Dezavantajlarını düşünecek olursak 16 yaş biraz fazla gibi görünebilir öncelikle. Bedava bilet engelini aşmak amacıyla bu yaş 12'ye çekilebilirdi. Yine de en büyük sorun bu gözükmüyor. Ankara gibi metropol şehirde bilindiği üzere İstanbul takımlarını tutan kesim çok daha fazla ve olası İstanbul takımlarının maçında Gecekondu tribünü kadın ve çocukların oluşturdu rakip taraftara teslim olabilir. Bu noktada üstünde rakibin forması olan taraftarlar güvenlik tarafından geri gönderilse ancak bu şekilde önüne geçilebilir bu durumun. Fakat bu biletletlerin parasını TFF kulüplere ödeyeceği için Gençlerbirliği yönetimi böyle durumlara ses çıkarmayacaktır bana göre.

Bu uygulamanın avantajları ve dezavantajlarını harmanlarsak, farklı takımı tutan veya tutmayan maça gelecek özellikle yetişen yeni nesil olan çocukların gönlünü kazanabiliriz. Tabiki takımın iyi sonuçlar alması çocukların gönlünü çelmemiz için en büyük faktörlerden.

Bu vesileyle Ankaralı bütün kadın ve çocuk futbolseverleri Gençlerbirliği maçına davet ediyorum. Rakip takımın taraftarı bile olsanız "Neden Gençlerbirliği taraftarı" olduğumuzu bizi görünce daha iyi anlayacaksınız.

18 Eylül 2011 Pazar

Gençlerbirliği Tribünü Değişiyor Mu?

Bu blogda Gençlerbirliği kültürünün centilmenlik olduğunu ve asla küfür, kavga sevmeyen taraftarlar olduğumuzu o kadar çok söyledim ki böyle bir yazı yazacağım bu sebeple hiç aklıma gelmezdi. Bir çok takım taraftarını sırf ettiği küfür yüzünden eleştirdiğim çok yazı yazmışımdır burada şimdi de iğneyi kendimize batırmamız gerekiyor sanırım.

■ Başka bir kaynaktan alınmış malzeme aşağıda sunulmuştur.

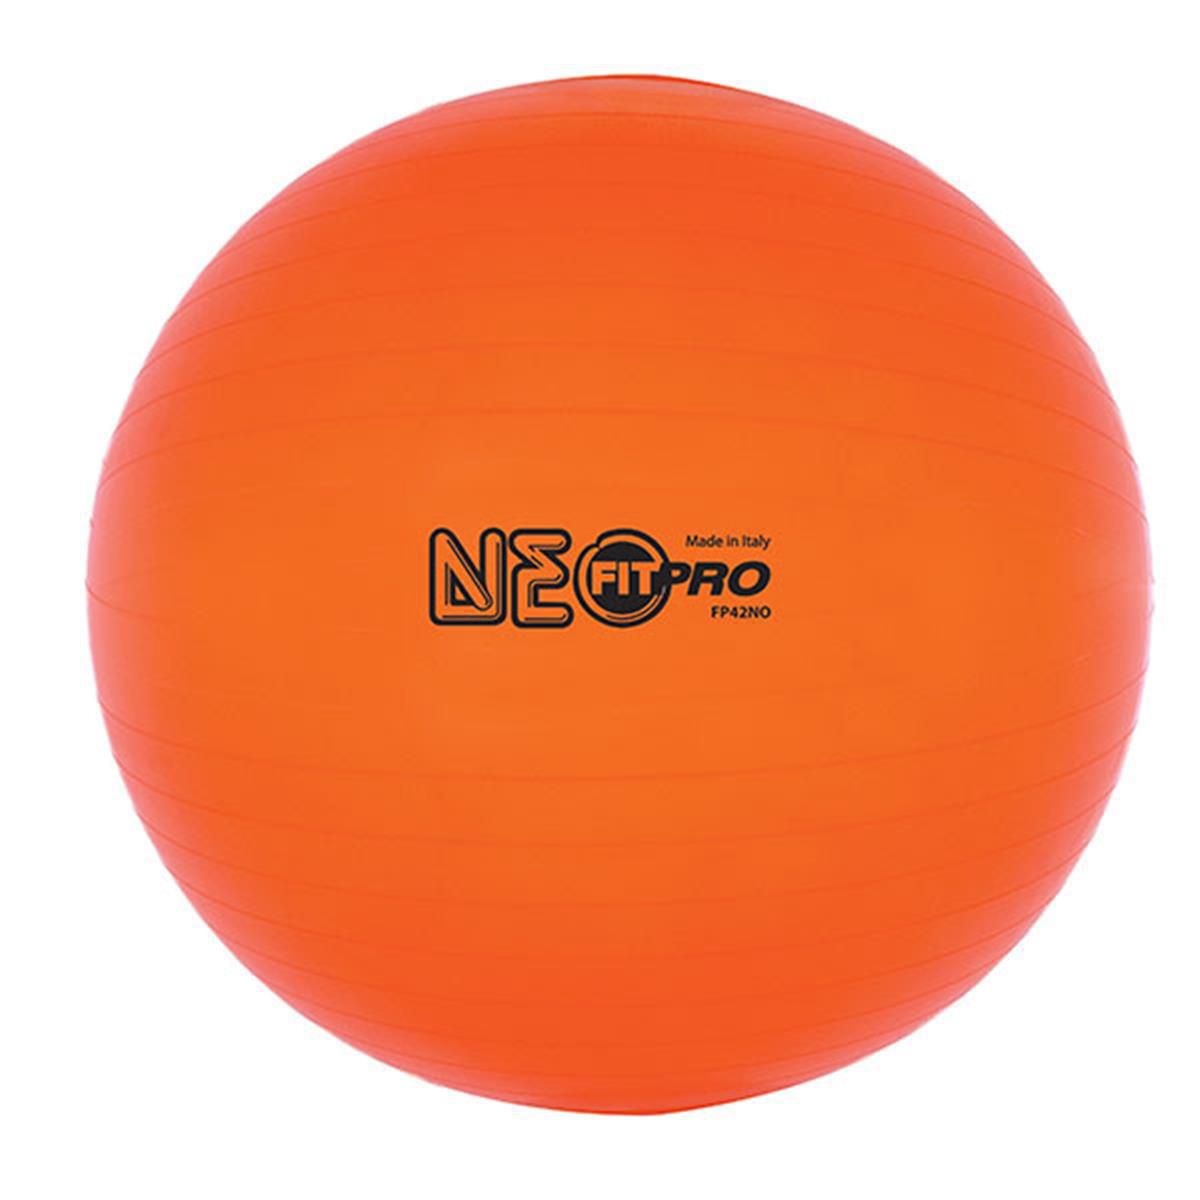 Мяч для тренировок и упражнений Champion Sports FP42NO, 42 см, неоновый оранжевый Champion Sports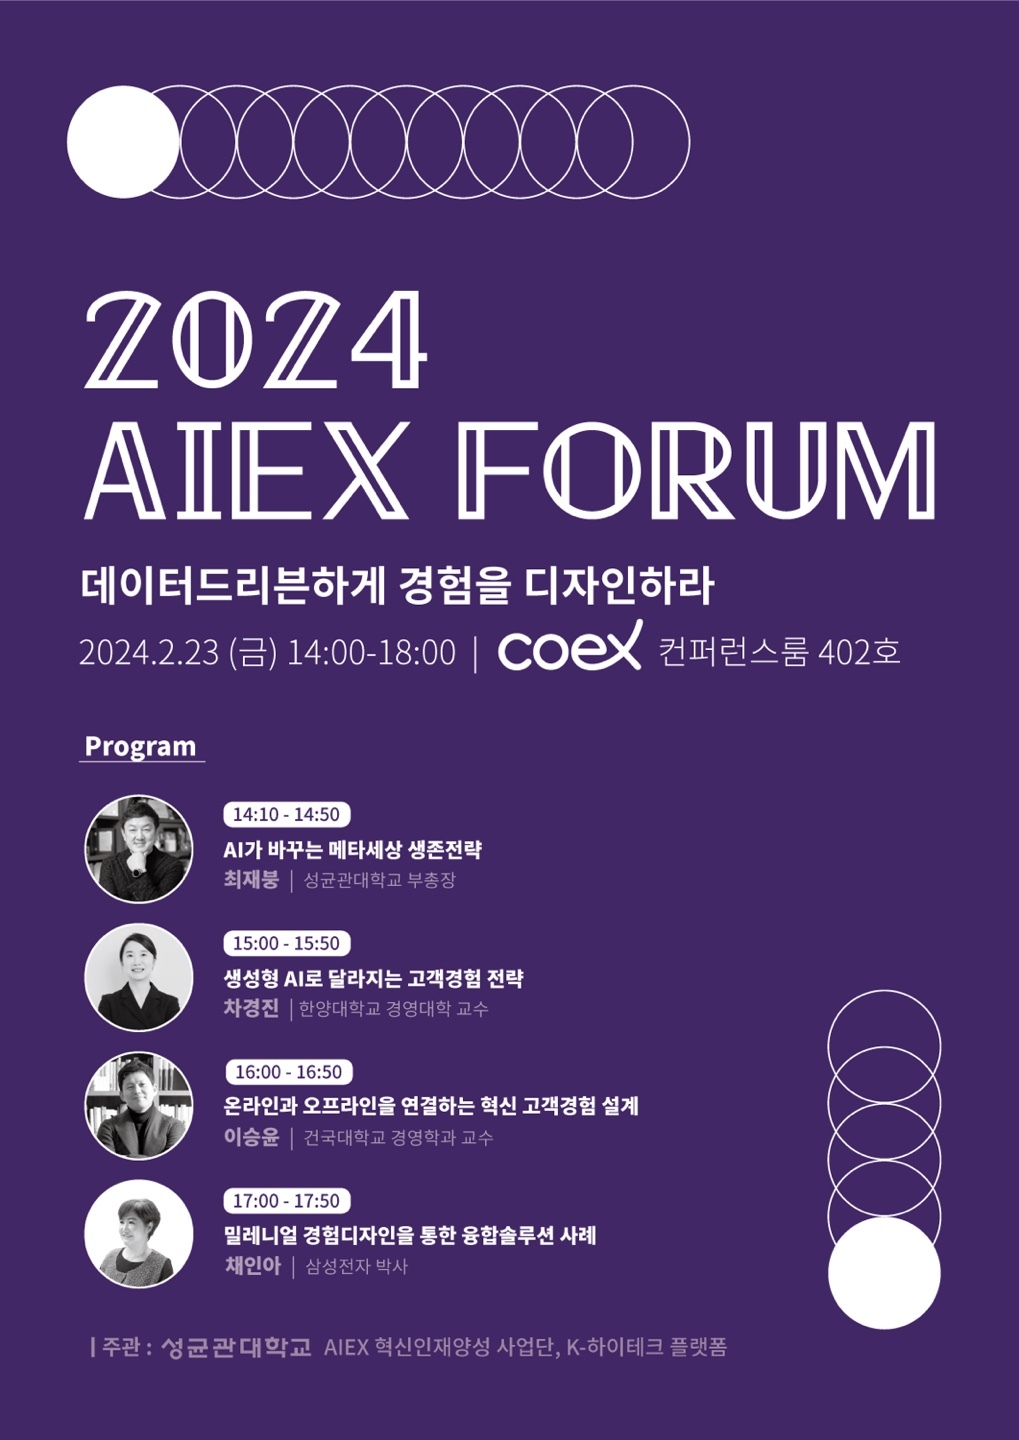 AIEX_FORUM_PROGRAM

Üstteki fotoğraf www.ajansspor.com sitesinin galerisine düşmüş ve Karabük maçı öncesi bizim maraton tribününde çıkan kavganın fotoğrafı. Sebebi tam olarak nedir bizde bilemesekte genel bir kanı var ki o da; rant ve çıkar ilişkileri güden bir kaç taraftarın yönetim tarafından desteklenmesiyle tribünlerin birbirine kırdırılma çabası bu kavganın nedeni. Çoğu Gençlerlinin tanıdığı simalar maalesef ki resimde görülen kişiler. Cavcav'a karşı tepki sergileyen Maraton tribününe, İlhan Cavcav tarafından verilen bir ceza bu fotoğrafın açıklaması. Yıllardır inatla çıkmalı dediğimiz kale arkası kombinesi çıkmayınca, maalesef ki sonunda oluşan tablodur bu fotoğraf. Hem dolu bir kale arkası hem de bu tarz şeyleri yaşamamız için çıkması gereken kale arkası kombinesini çıkarmayan İlhan Cavcav ve yönetimidir bütün bunlara sebep.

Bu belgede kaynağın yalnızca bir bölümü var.